Under different stress conditions such as phosphate limitation (Olsen et al., 1983), acidic environment (Visviki et al., 2000), the herbicide paraquat (Jamers et al., 2010) and high salinity (Khona et al. , 2016) Chlamydomonas cells have alternative ways to avoid chronic stress by forming stress-resistant life cycle stages undergo abnormal cell division with reduced individual cell size forming “palmelloids”. In the current study, NaCl induced the formation of palmelloids in the stressed untreated-cells unlike in ABA-treated cells where the number of palmelloids was significantly reduced (Fig. 5). These results are evidence that ABA playing a crucial role in protectingChlamydomonas cells from high salinity stress.

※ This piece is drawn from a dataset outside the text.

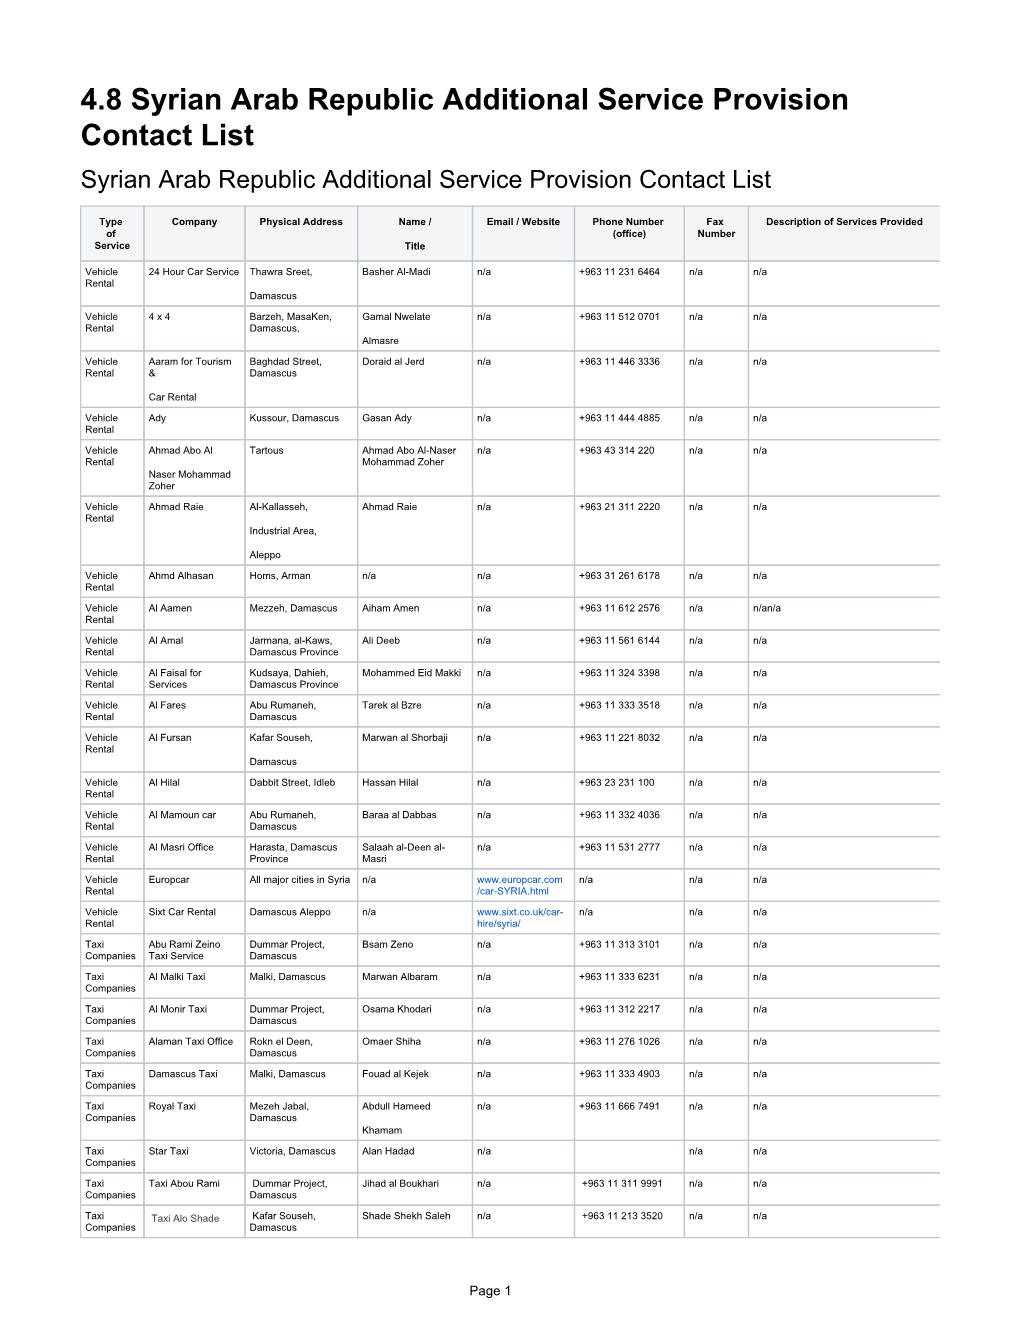 4.8 Syrian Arab Republic Additional Service Provision Contact List Syrian Arab Republic Additional Service Provision Contact List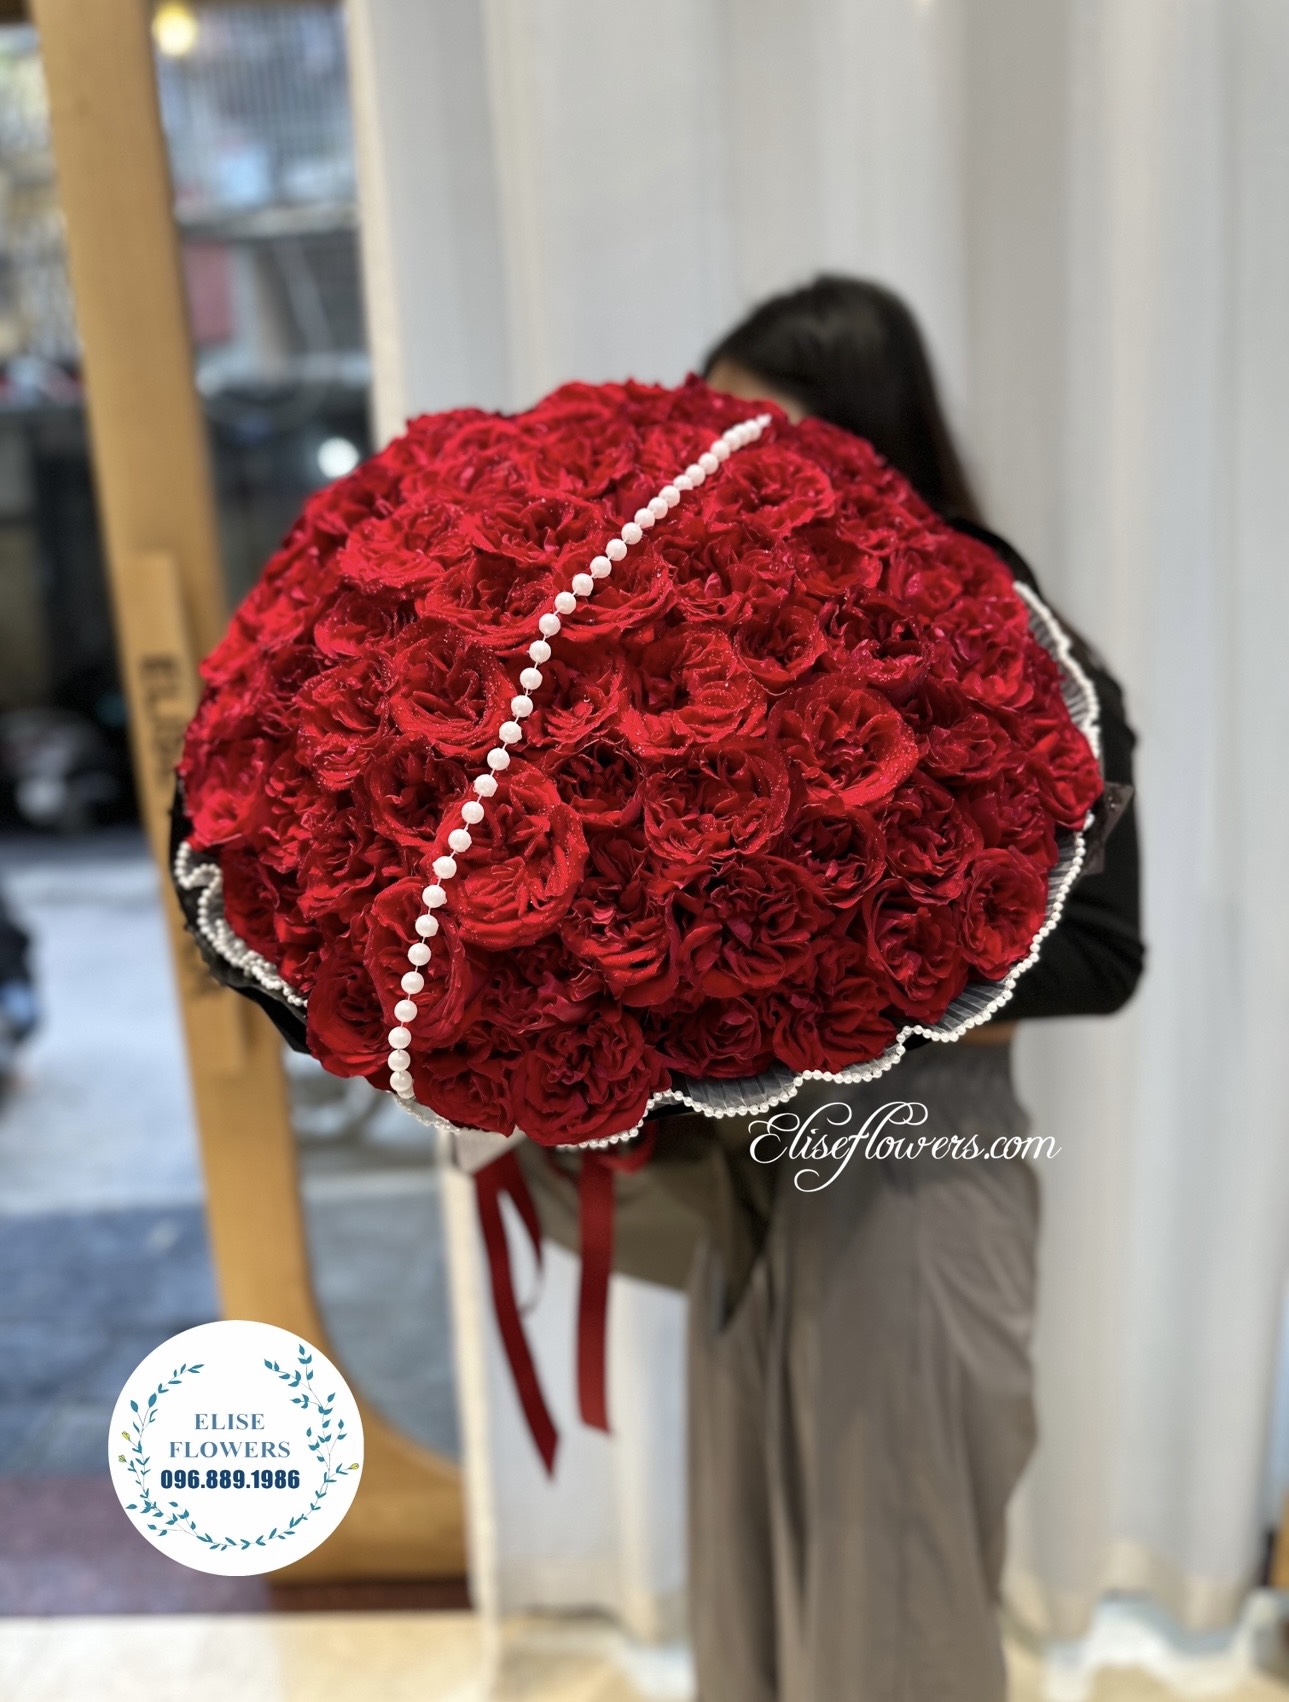 BÓ HOA HỒNG ĐỎ 100 BÔNG . Bó hoa hồng đỏ nhập khẩu 100 bông ở Hà Nội. Bó hoa hồng đỏ đẹp ở Hà Nội.

In this study, ABA supported the growth of gamete population, as it enhanced their tolerance to high salinity (Figs. 6 & 7). InChlamydomonas, gametogenesis is triggered by N limitation. When N is depleted in the growth medium, the vegetative cells have programs (Beck & Haring, 1996; Goodenough, 1991). The first program is that the cells acclimate to N deprivation through metabolic changes, including synthesis of N-scavenging enzymes (Quesada & Fernández, 1994) and the renewal of ribosomes (Martin et al., 1976). The second program is that the vegetative cells underdo gametogenesis to produce Mt+ and Mt- cells for mating. While N starvation has been extensively studied in Chlamydomonas for producing alternative sources of energy by accumulation more TAG in the cells under N starvation (Montantes et al., 2018; Salas- Siaut et al., 2011; Yang et al., 2020), or as a new tool to create offspring with new traits (Kramer and Lucker, 2020), however, N-starved Chlamydomonas cells can also exhibit various biological pathways for managing photosynthesis to efficiently utilize the absorbed light energy (Saroussi et al., 2017). While underlying these pathways is still in its early stage, it could provide an important direction for developing a more comprehensive understanding of photosynthetic energetics and its control.